INPUT FOR THIS TASK

* * *

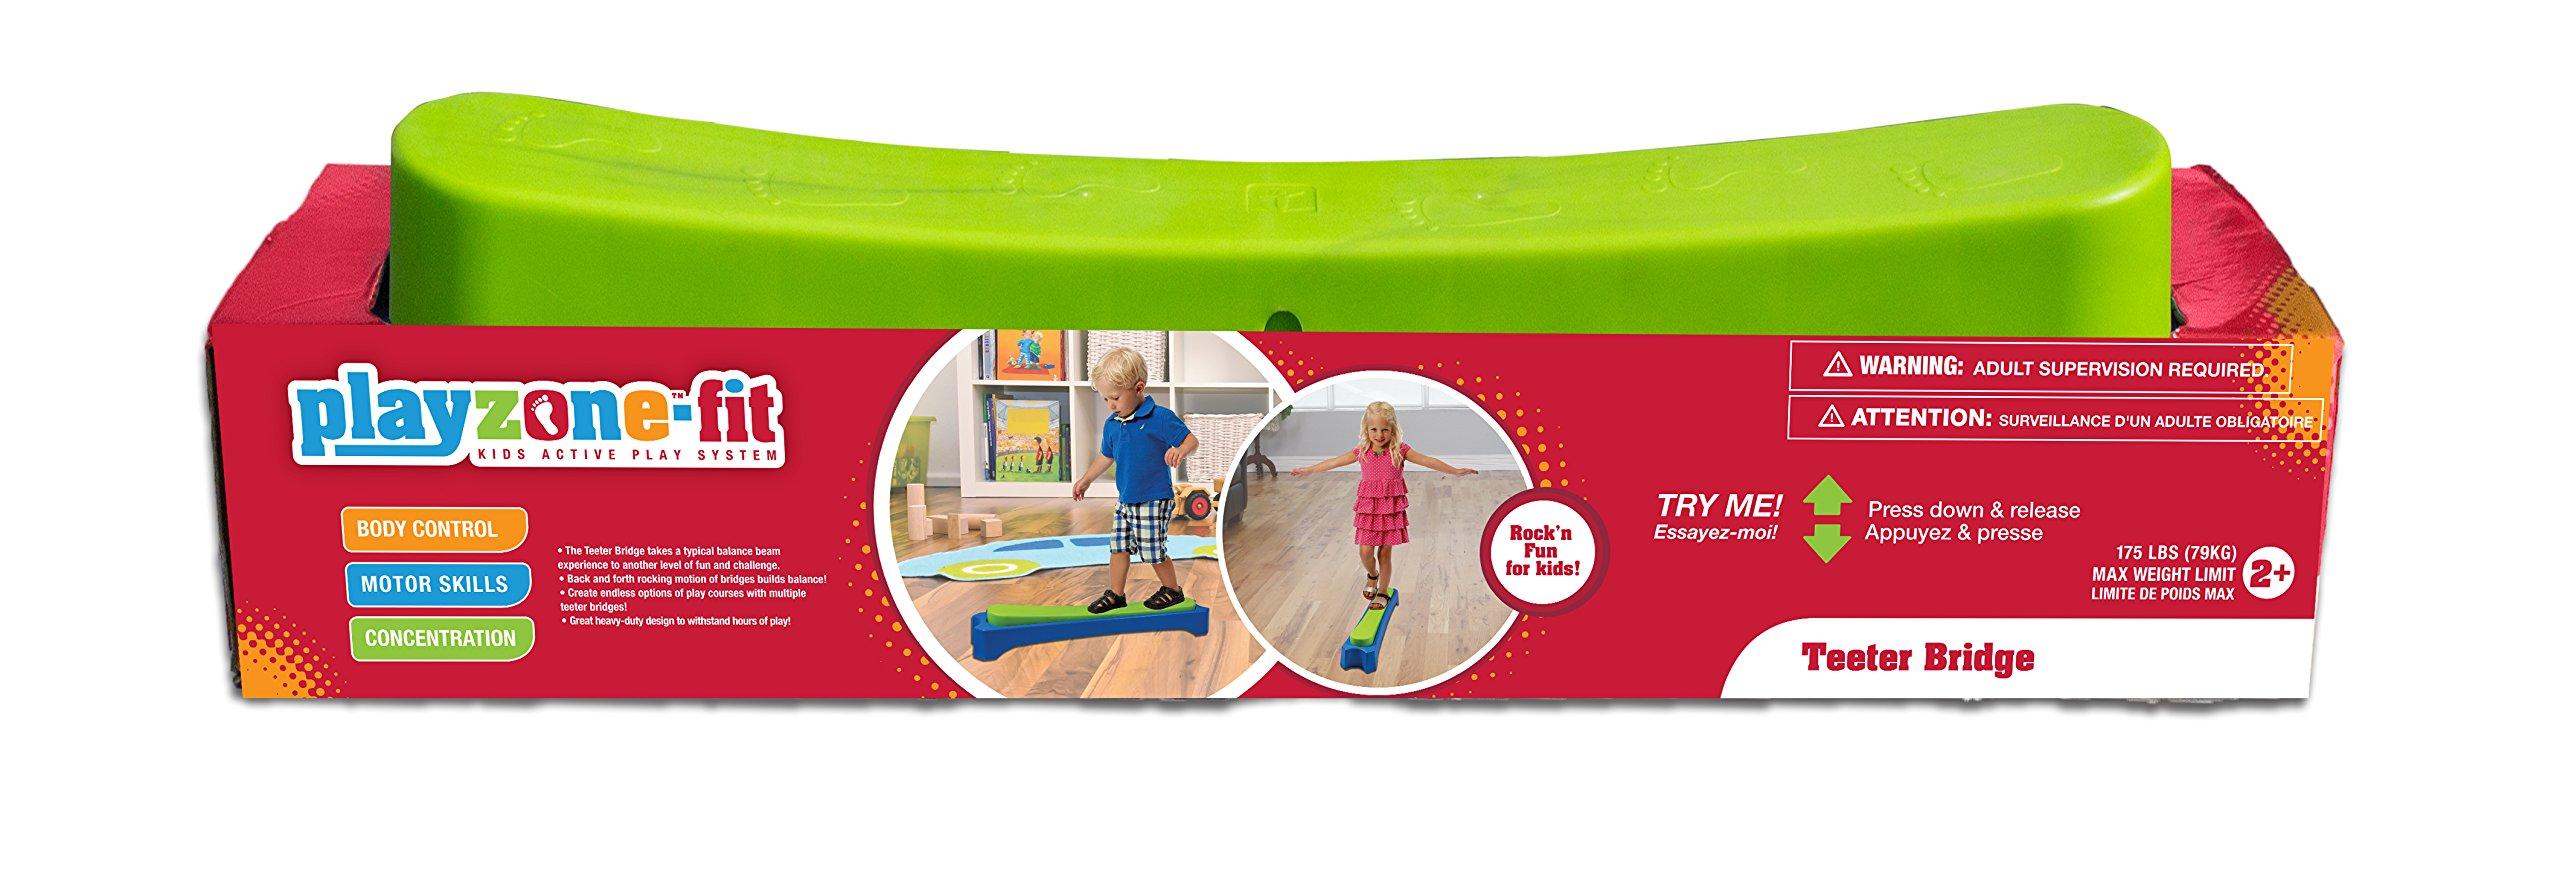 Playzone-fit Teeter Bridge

* * *

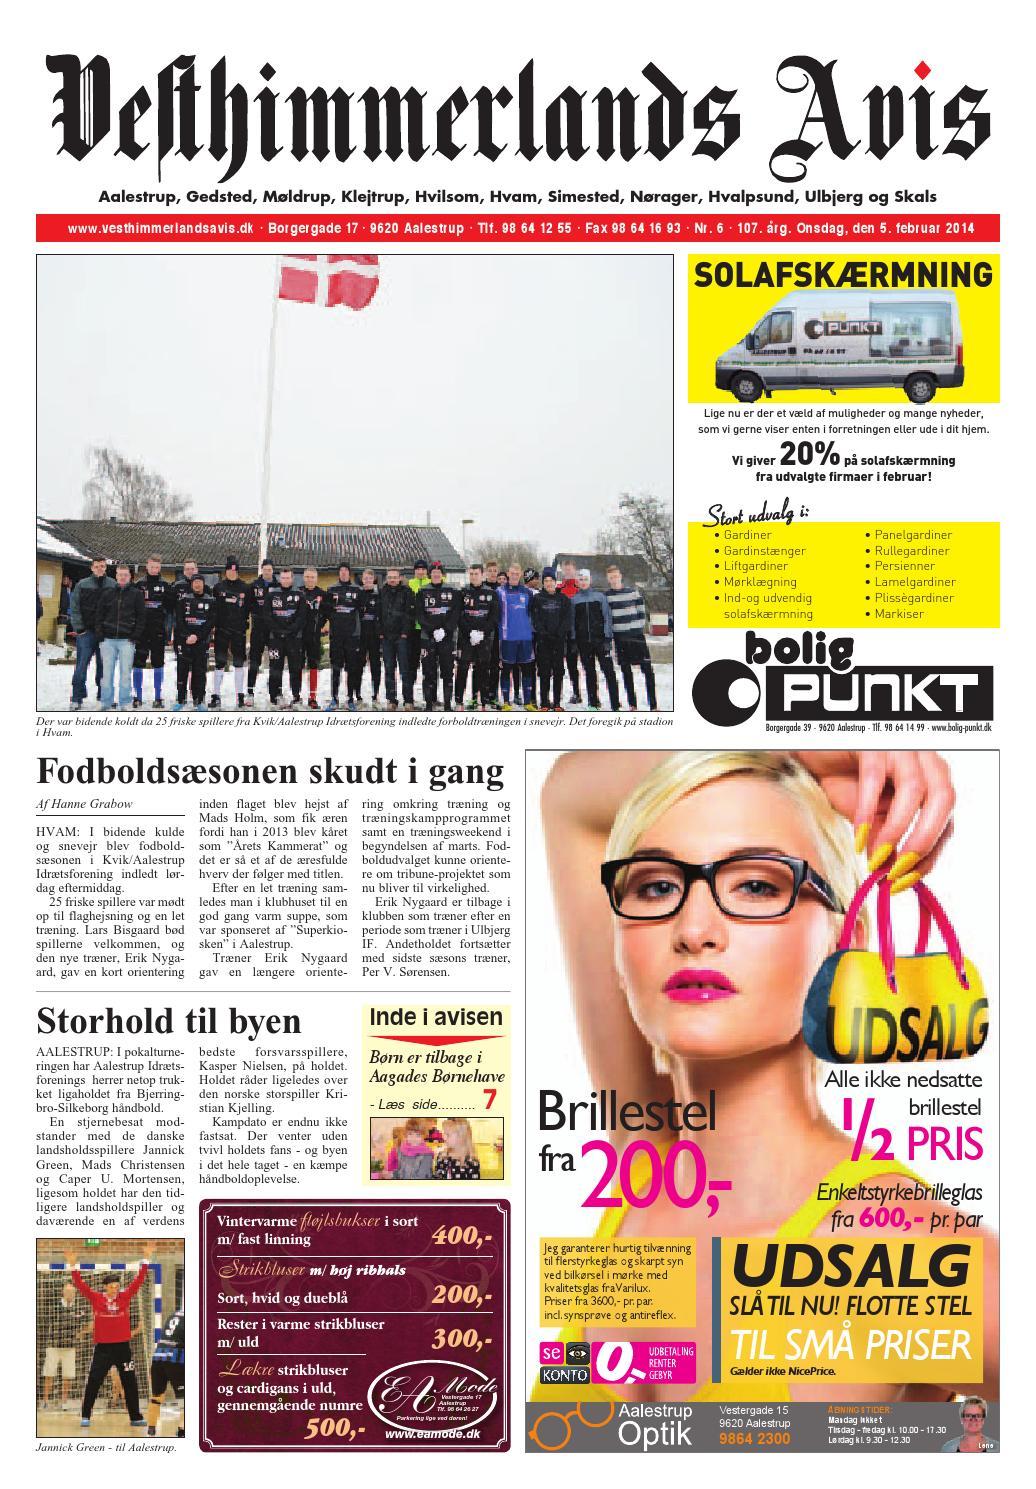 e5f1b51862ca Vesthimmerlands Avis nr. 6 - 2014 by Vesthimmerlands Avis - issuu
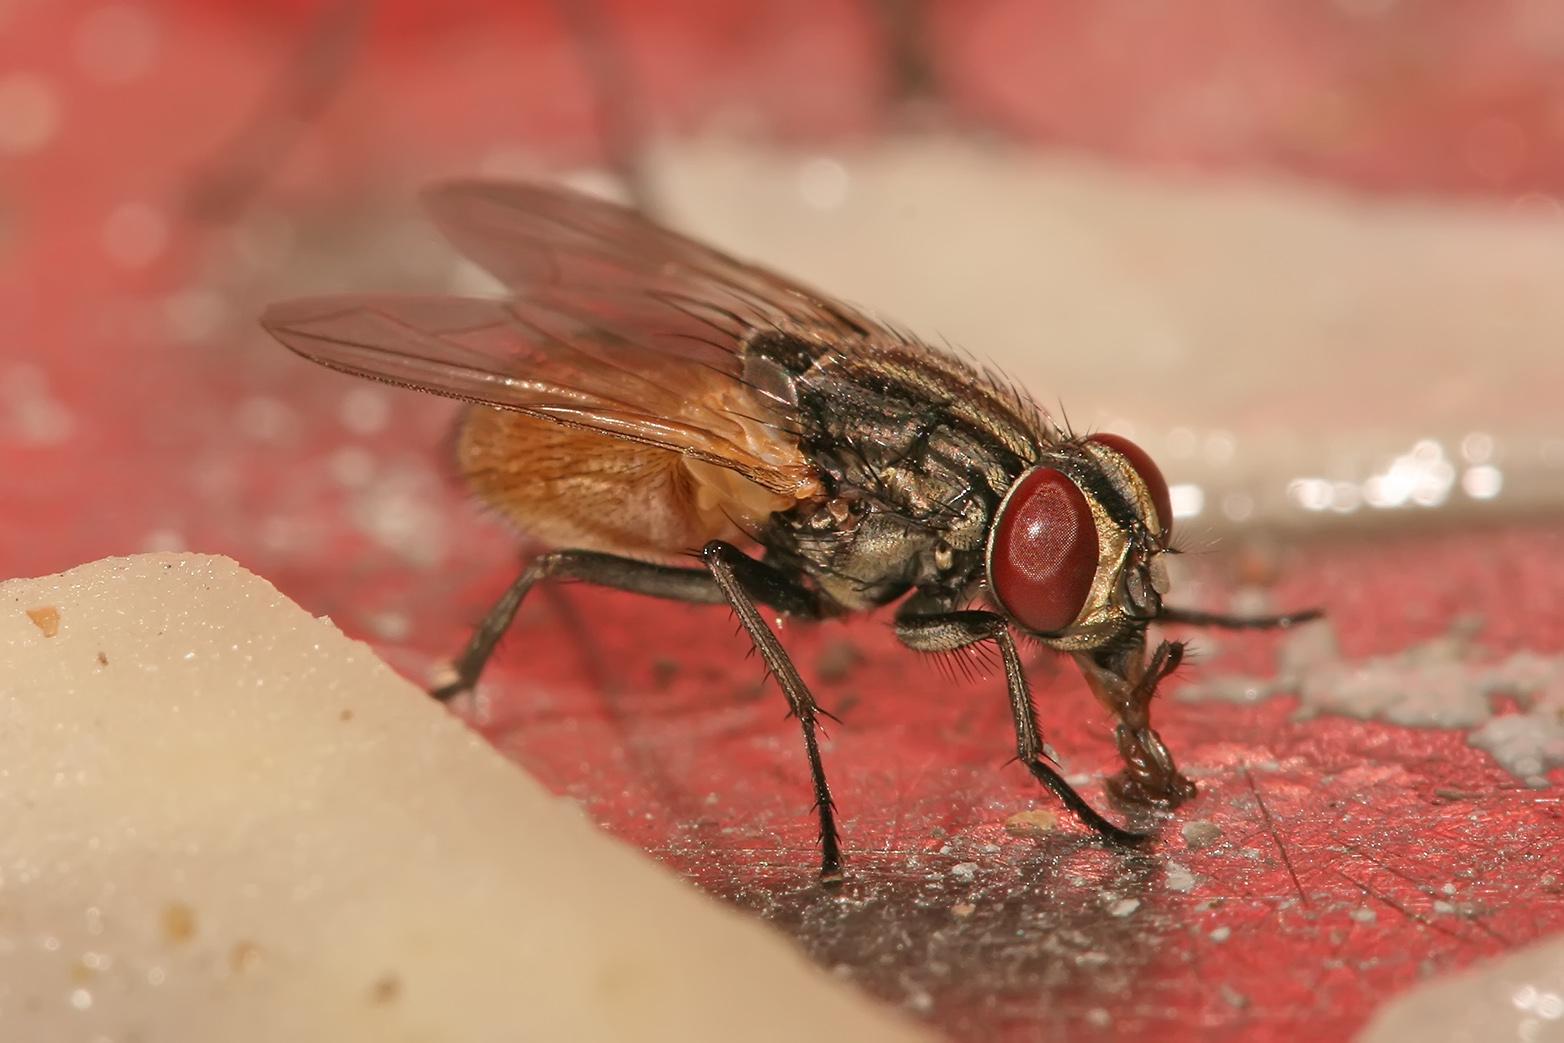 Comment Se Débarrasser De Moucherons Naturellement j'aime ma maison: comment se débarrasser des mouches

* * *

YOUR ASSIGNMENT
Write out again exactly the lines above from the one with "e5f1b51862ca Vesthimmerlands Avis" through the one with "Comment Se Débarrasser De Moucherons", adding no other lines and no pictures.

TASK ANSWER
 e5f1b51862ca Vesthimmerlands Avis nr. 6 - 2014 by Vesthimmerlands Avis - issuu
 Comment Se Débarrasser De Moucherons Naturellement j'aime ma maison: comment se débarrasser des mouches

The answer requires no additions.